In my presentation, I followed Shumway and Stoffer (2011), Chapter 6; Brockwell and Davis (2016), Chapter 8. But many other introductory time series textbooks cover state-space modeling as well. Several books dedicated to the subject are: Durbin and Koopman (2012), Gomez (2016).
State-space modeling is particularly suitable for Bayesian analysis, where it is known by the name “dynamic linear modeling”. See, for example, the books by Petris et al. (2009), Prado and West (2010).
Linear state-space models naturally generalize to hidden Markov models (HMMs) that will be covered later in the course under “non-linear models”.
Issues not covered: model diagnostics; prediction errors;

Questions/Homework

Q0: Supplement your analysis of time series data from Q1, Lecture I, by state-space modeling if seems appropriate. You can also omit some of the data so that some values are missing.

Q1: Why confidence intervals associated with trend and seasonality are decreasing in time for jj data?
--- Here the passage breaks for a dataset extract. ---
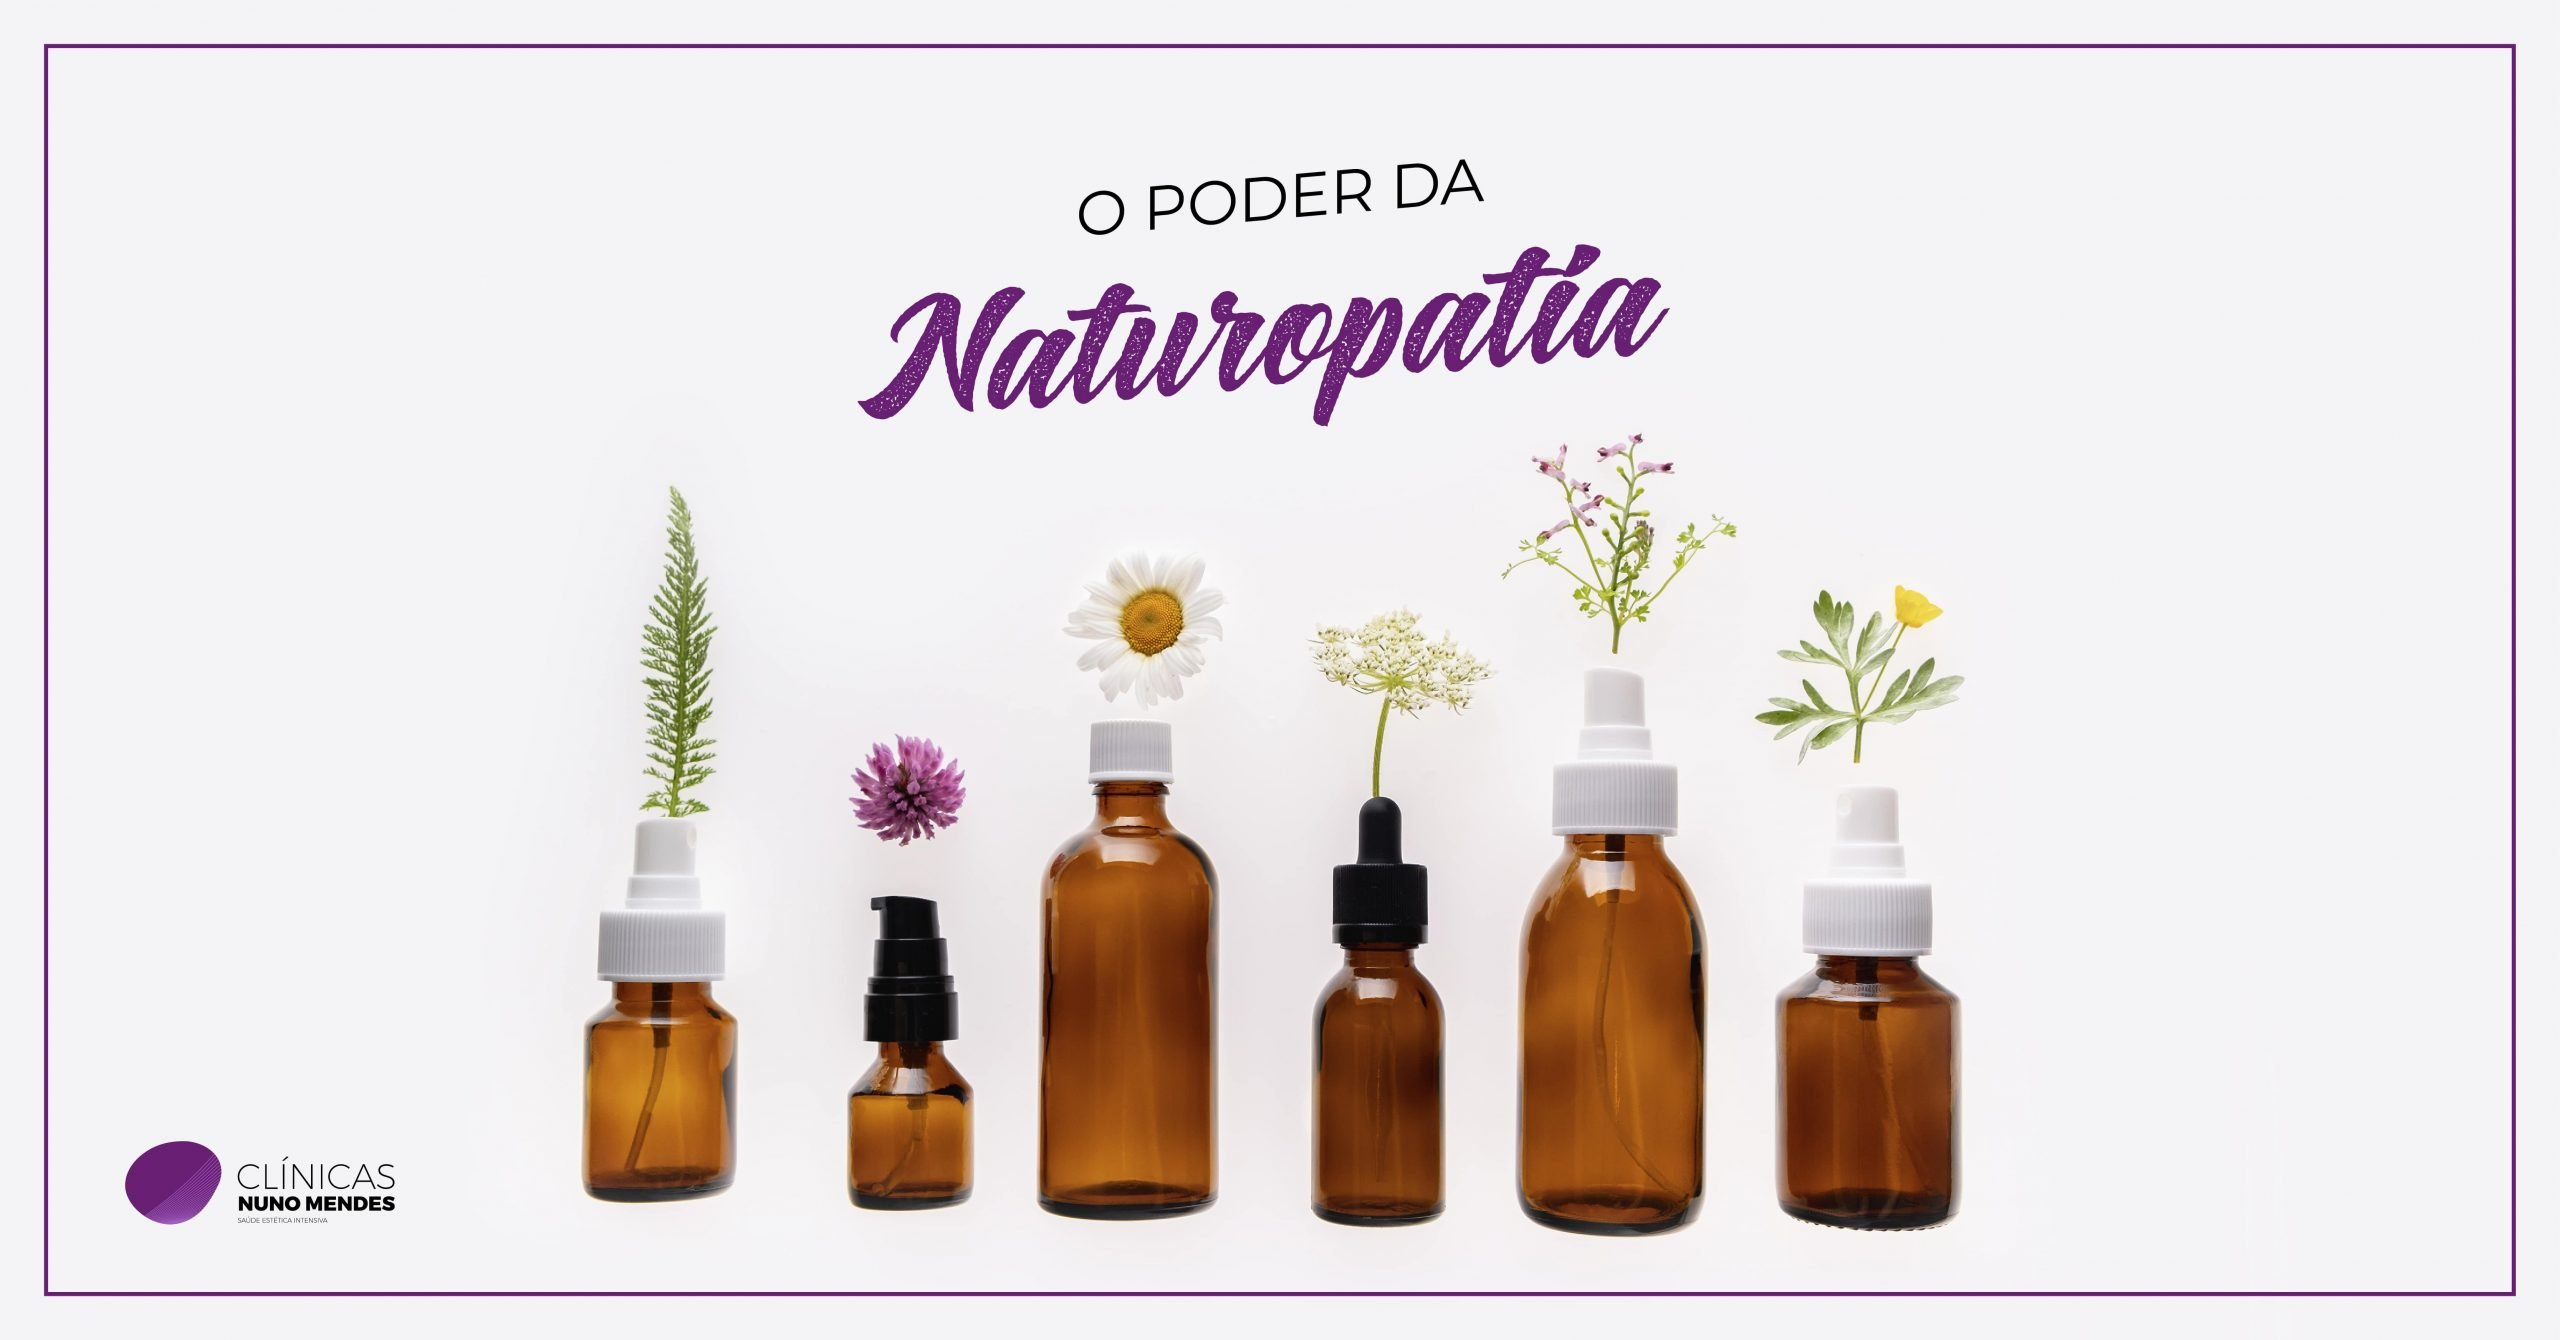 O poder da Naturopatia

Is this feature general or specific to jj data?

Q2: Derive Kalman recursions for prediction, filtering and smoothing.

Q3: Write down the details behind the use of the EM algorithm for state-space models when it is applied with missing data.

Q4: Outline the Bayesian treatment of state-space models.

Q5: Write down and examine Kalman recursions explicitly for the local level model.

Q6: Write down how ARIMA\((p,d,q)\) model is embedded into a state-space model, and explain how this can be used to handle missing data.

Q7: The so-called AR\((1)\) model with observational noise written in state-space form turns out to be equivalent to an ARMA\((1,1)\) model (Shumway and Stoffer (2011), Example 6.3). Is this a more general phenomena?

References

Brockwell, P. J., and R. A. Davis. 2016. Introduction to Time Series and Forecasting. Third. Springer Texts in Statistics. Springer.

Durbin, J., and S. J. Koopman. 2012. Time Series Analysis by State Space Methods. Second. Vol. 38. Oxford Statistical Science Series. Oxford University Press, Oxford.

Gómez, V. 2016. Multivariate Time Series with Linear State Space Structure. Springer.

Petris, G., S. Petrone, and P. Campagnoli. 2009. Dynamic Linear Models with R. Use R! Springer, New York.

Prado, R., and M. West. 2010. Time Series. Texts in Statistical Science Series. CRC Press, Boca Raton, FL.

Shumway, R. H., and D. S. Stoffer. 2011. Time Series Analysis and Its Applications. Third. Springer Texts in Statistics. Springer, New York.